START DATA EXTRACT

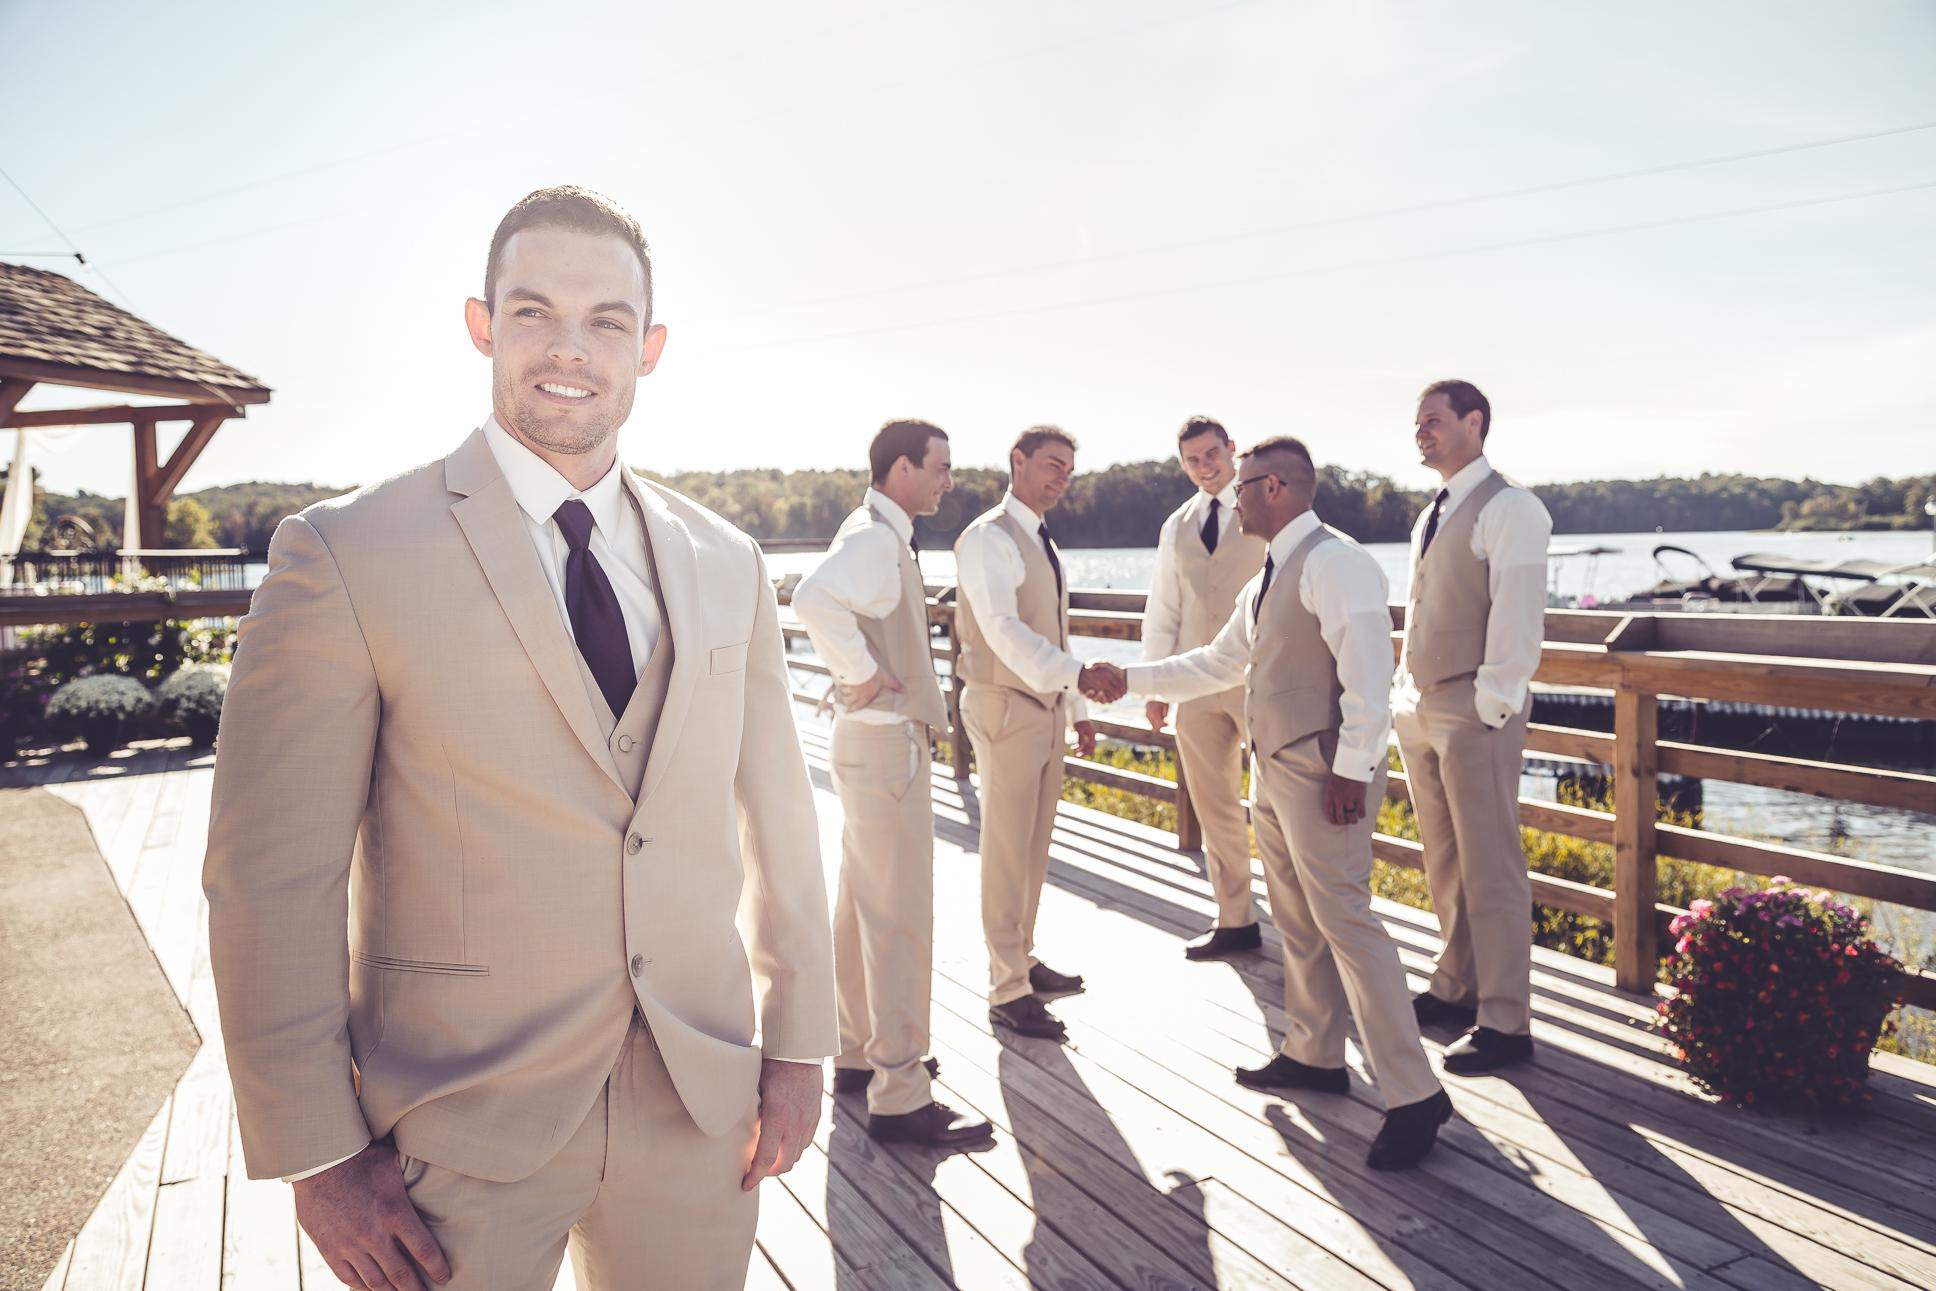 Southern Illinois Wedding Photography - Dustin Morrison Photography - Byrne Wedding-7.jpg
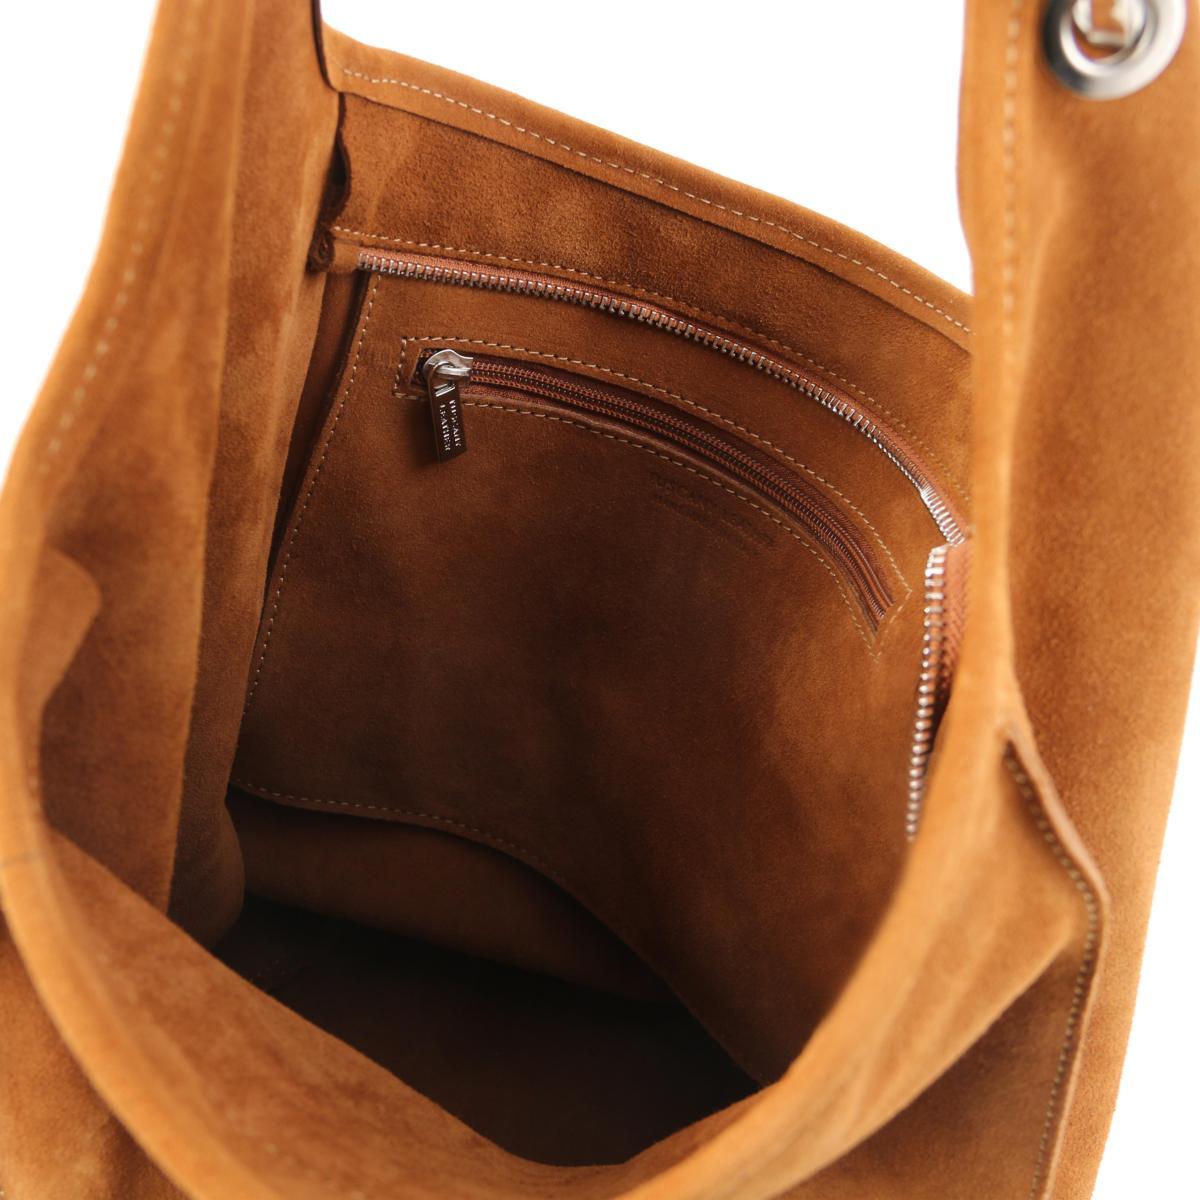 Sac Daim Leather en Epaule Femme pour Tuscany AwnSfAq6
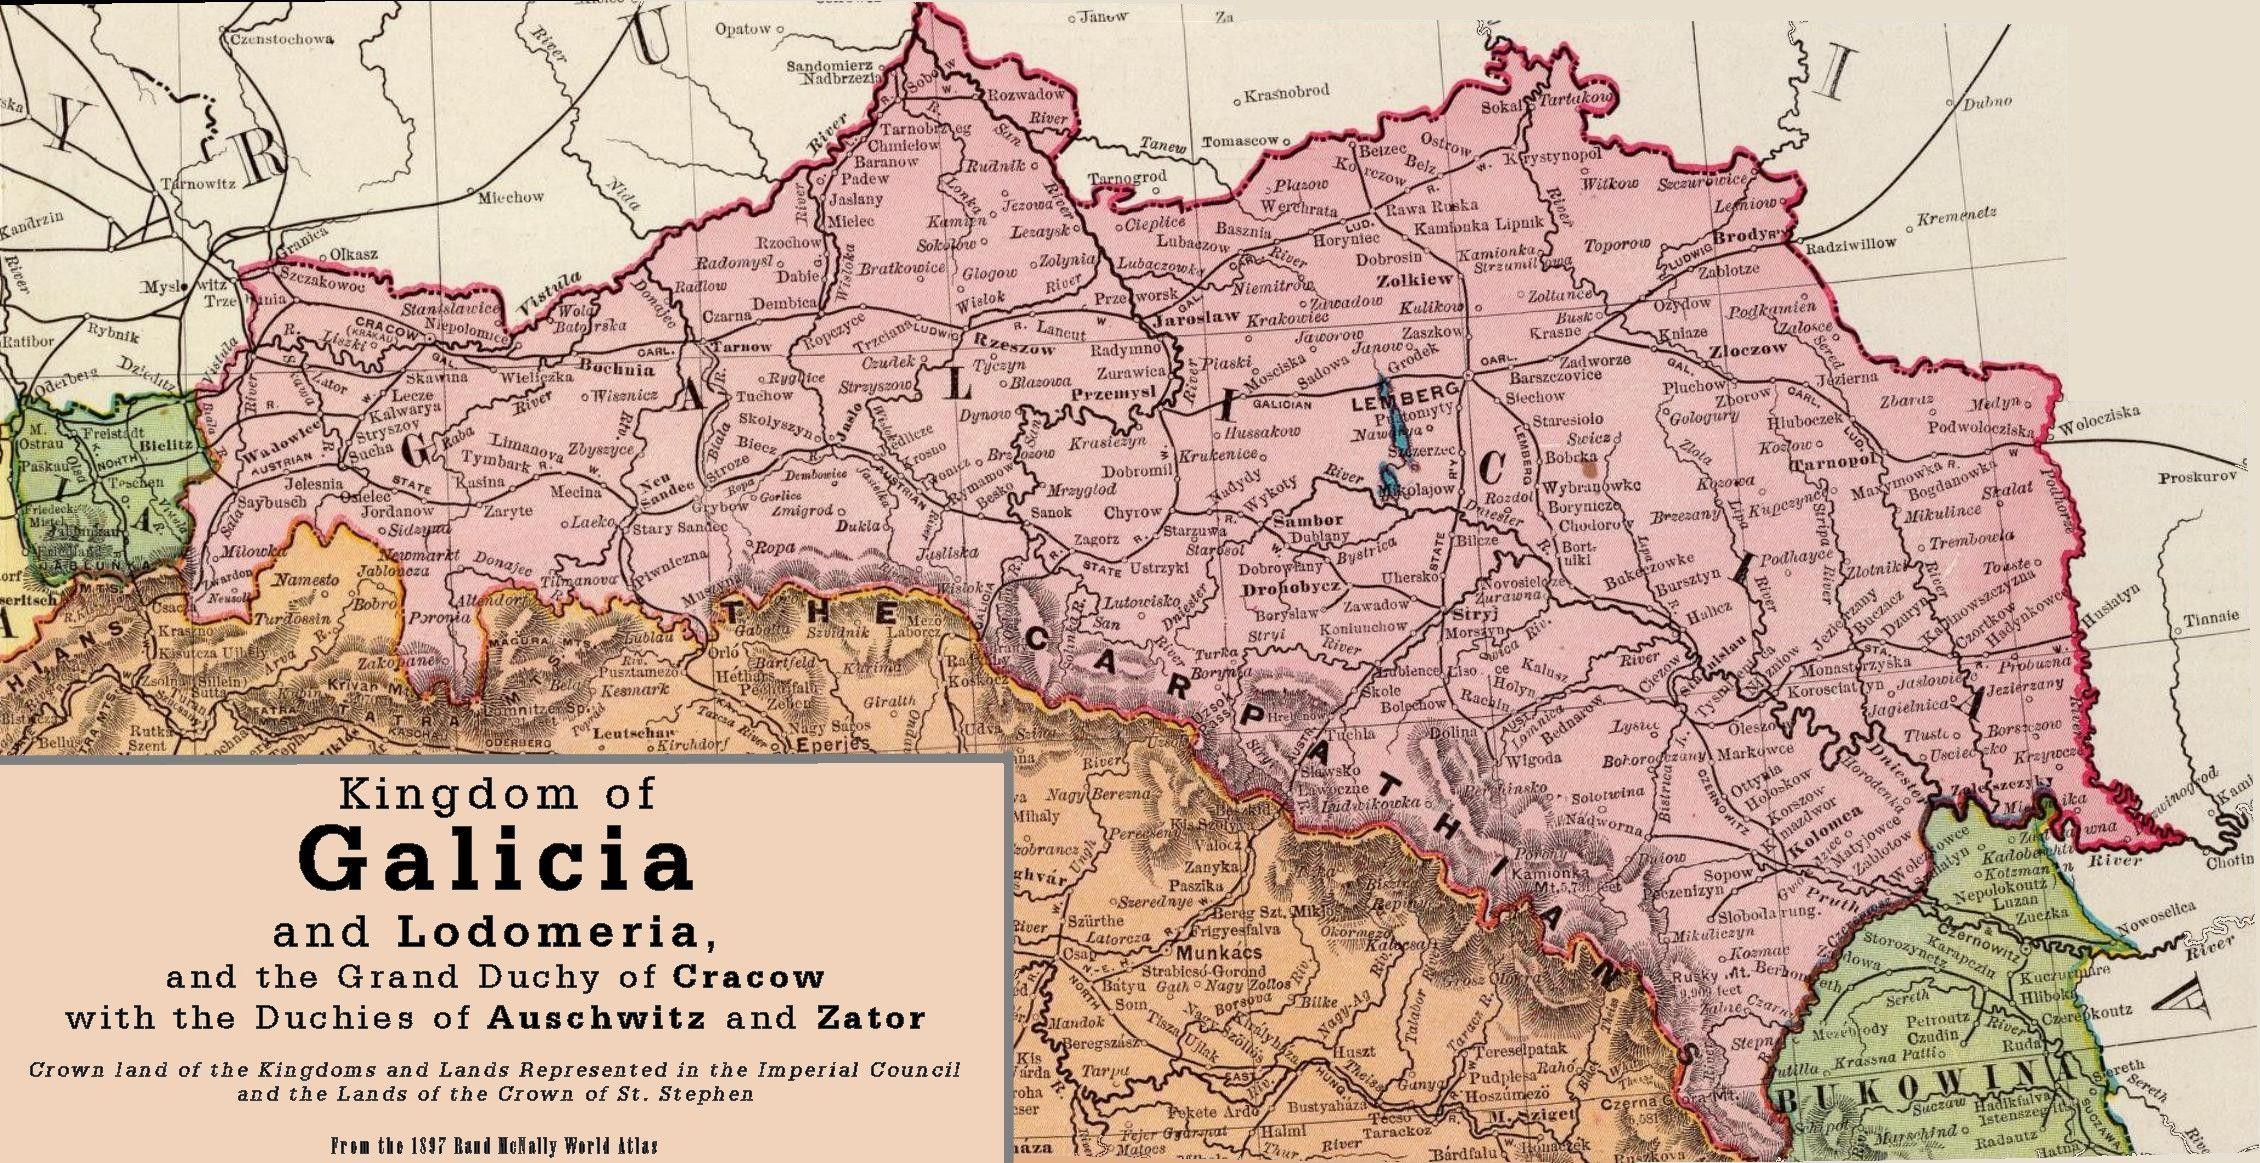 Galicia 1897 1 - Kingdom of Galicia and Lodomeria ... on second polish republic, europe poland map, ukrainian greek catholic church, czechoslovakia poland map, lviv poland map, kingdom of galicia and lodomeria, duchy of warsaw, hungary poland map, lodz poland map, gdansk poland map, warsaw ghetto poland map, mazovia poland map, kingdom of poland map, china poland map, jaworzno poland map, russia poland map, estonia poland map, sweden poland map, turkey poland map, pale of settlement, carpathian mountains, katowice poland map, wwii poland map, germany poland map, poznan poland map, lublin poland map, carpathian ruthenia,

END DATA EXTRACT

The whole listing above is to be repeated exactly, apart from its pictures.

 Southern Illinois Wedding Photography - Dustin Morrison Photography - Byrne Wedding-7.jpg
 Sac Daim Leather en Epaule Femme pour Tuscany AwnSfAq6
 Galicia 1897 1 - Kingdom of Galicia and Lodomeria ... on second polish republic, europe poland map, ukrainian greek catholic church, czechoslovakia poland map, lviv poland map, kingdom of galicia and lodomeria, duchy of warsaw, hungary poland map, lodz poland map, gdansk poland map, warsaw ghetto poland map, mazovia poland map, kingdom of poland map, china poland map, jaworzno poland map, russia poland map, estonia poland map, sweden poland map, turkey poland map, pale of settlement, carpathian mountains, katowice poland map, wwii poland map, germany poland map, poznan poland map, lublin poland map, carpathian ruthenia,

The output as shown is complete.